Key Takeaway: FHE is a powerful encryption scheme that allows for arbitrary computation on encrypted data. While blockchain use cases are closest to home and would for example enable having a fully private global state - FHE can also be leveraged more widely across other industries such as AI/ML and healthcare.
🎧 Compute Over Data - Vision & Goals - Juan Benet - Recommended by Olli:
Decentralised compute is an interesting long-term direction for blockchains, but scalability is still orders of magnitude away from the current cloud-level scale. No decentralised protocol today can handle transaction volumes equivalent to the Internet.
In the talk, Juan raises an interesting framework to think about the tradeoffs for decentralised compute. The trilemma includes:
Performance: To match the performance requirements of internet-scale applications, we need to increase speed (reducing computational complexity and overhead), latency (time to results) and efficiency (use of resources such as power, time and hardware).
Verifiability: Currently we trust the reputation of centralised cloud operators. In a decentralised system, we need to introduce new ways for trust and verification of correctness. This can be either through economic (staking and brand) or cryptographic means (ZKP, MPC). The latter is better for verifiability, but more computationally complex.
Privacy: Most user applications deal with user data, which means we need hard guarantees about data security. Here again, we can rely on either economic (staking) or cryptographic guarantees (FHE, MPC, ZKP). Cryptographic guarantees are better, but dramatically more expensive. Economic guarantees are not straightforward either, since it’s difficult to prove something has leaked, which makes it hard to prove malicious intent.

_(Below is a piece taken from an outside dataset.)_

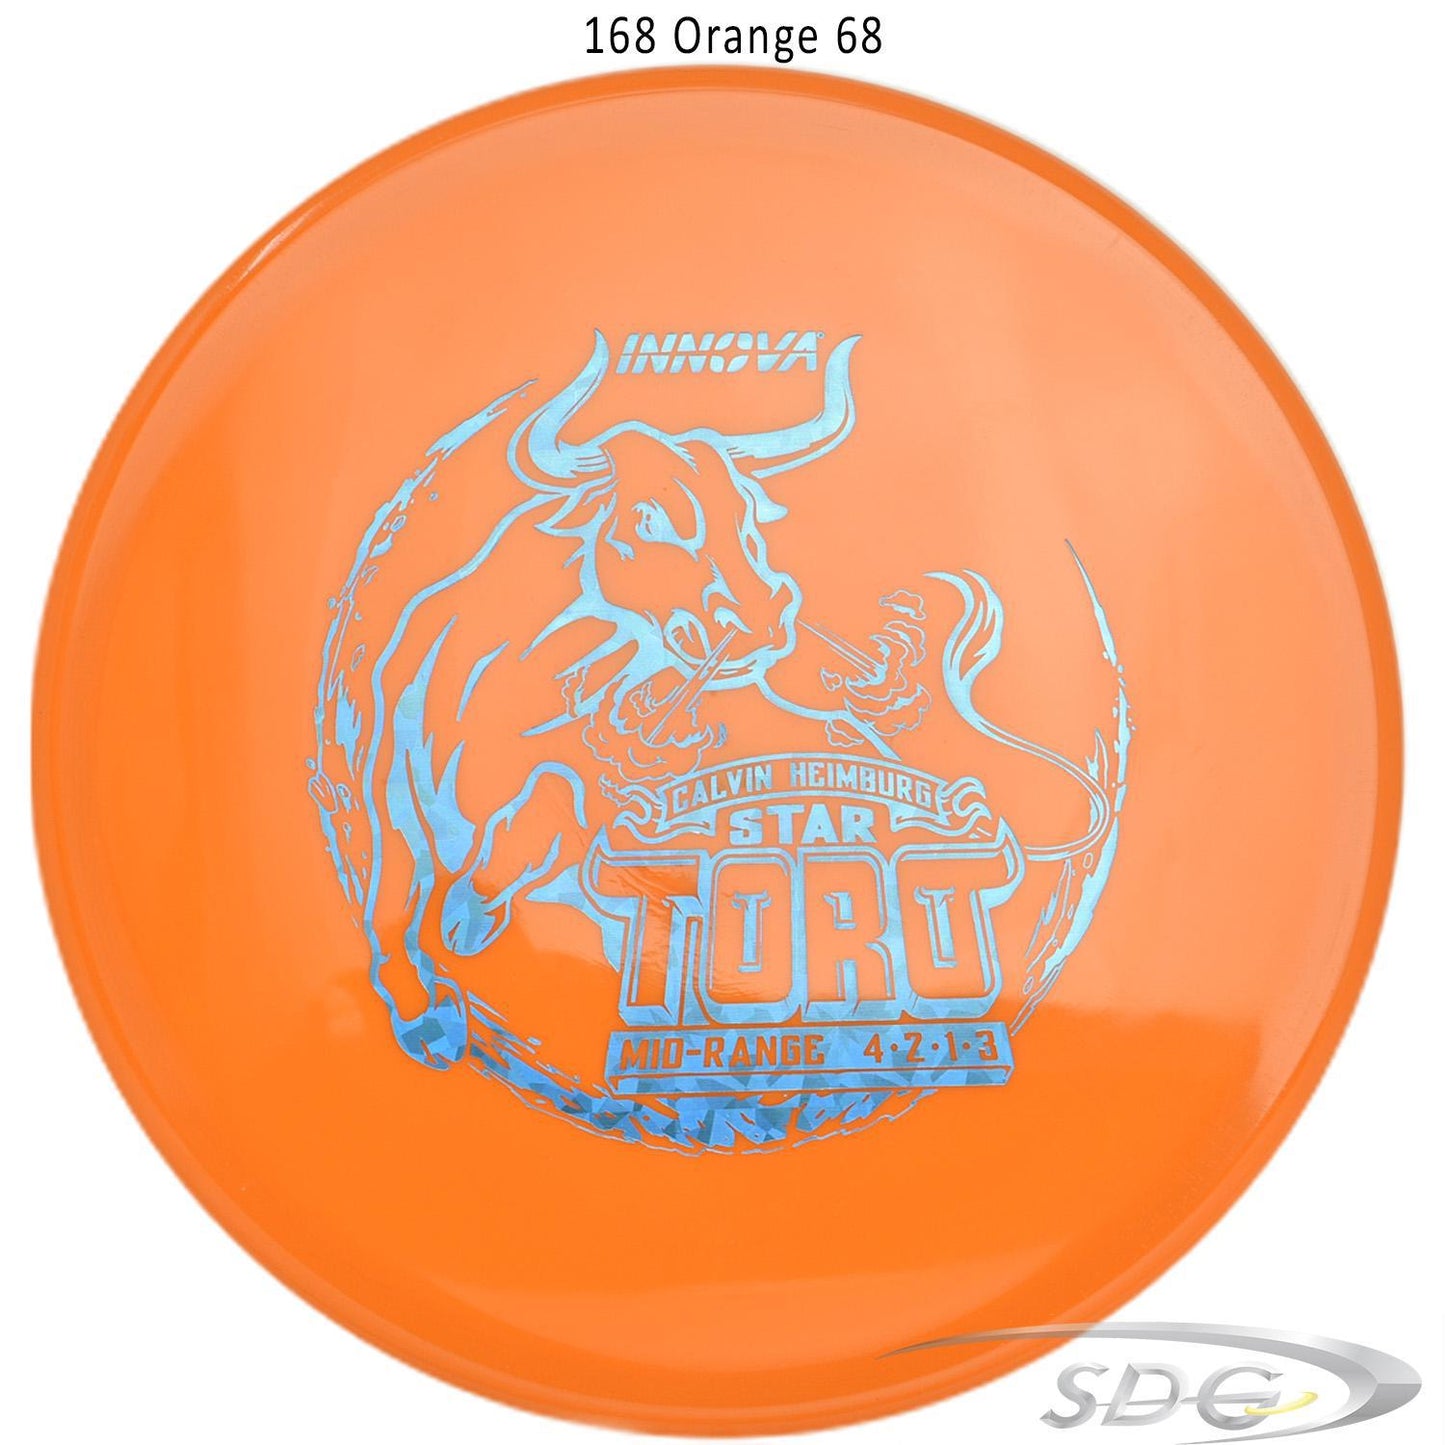 innova-star-toro-calvin-heimburg-signature-disc-golf-mid-range 168 Orange 68

Key takeaway: It’s possible that in a decade or two, we’ll view blockchains similar to the cloud today, but with added guarantees about the computation happening in an agreed way. However, the performance of blockchains today is still orders of magnitude away from the cloud-level scale. Juan introduces a three-pronged framework to think about these tradeoffs, and how we could work to overcome them.
News from our partners:
🔥 Introducing Gevulot: A layer 1 blockchain that serves as a general-purpose proof network with fast proving and high liveness guarantees. Anyone can deploy provers and verifiers as on-chain programs (similar to smart contracts) and get access to a network of provers. The vision of Gevulot is to aggregate all proving workloads across the industry - creating a single point of optimization for node operators and hardware providers. Built by a world-class team from Equilibrium Group that’s previously worked closely with industry leaders such as Aleo, Starknet and Avail.
🔥 Pathfinder Upgrade: The Starknet full node developed by Equilibrium Labs got an upgrade last week. Looking at performance improvements of 10-40x 🤯
🔥 Elusiv Launches Private Swaps on Solana: Elusiv is a privacy layer currently operating on Solana, that combines privacy with decentralised compliance. Private token swaps are the most recent feature of Elusiv, which allows for swapping between a number of assets without revealing any identifying information about yourself - a first for Solana!
Personal recommendations from our team:
📚Reading: Sandworm - Andy Greenberg: A chilling, globe-spanning detective story, tracking an elite group of Russian hackers and the future of global warfare.
🎧Listening: Jacob Collier - Lua (feat. MARO): This recorded live performance goes from string ensemble to bossa nova to jazz. Quite the variety in only 9 minutes!
💡Other: Alexander Piano- The longest piano in the world: The argument “I just wanted to see what a long bass string sounded like” seems like enough of a reason to build the world’s longest piano🤷♂️. Watch this video to hear what it sounds like.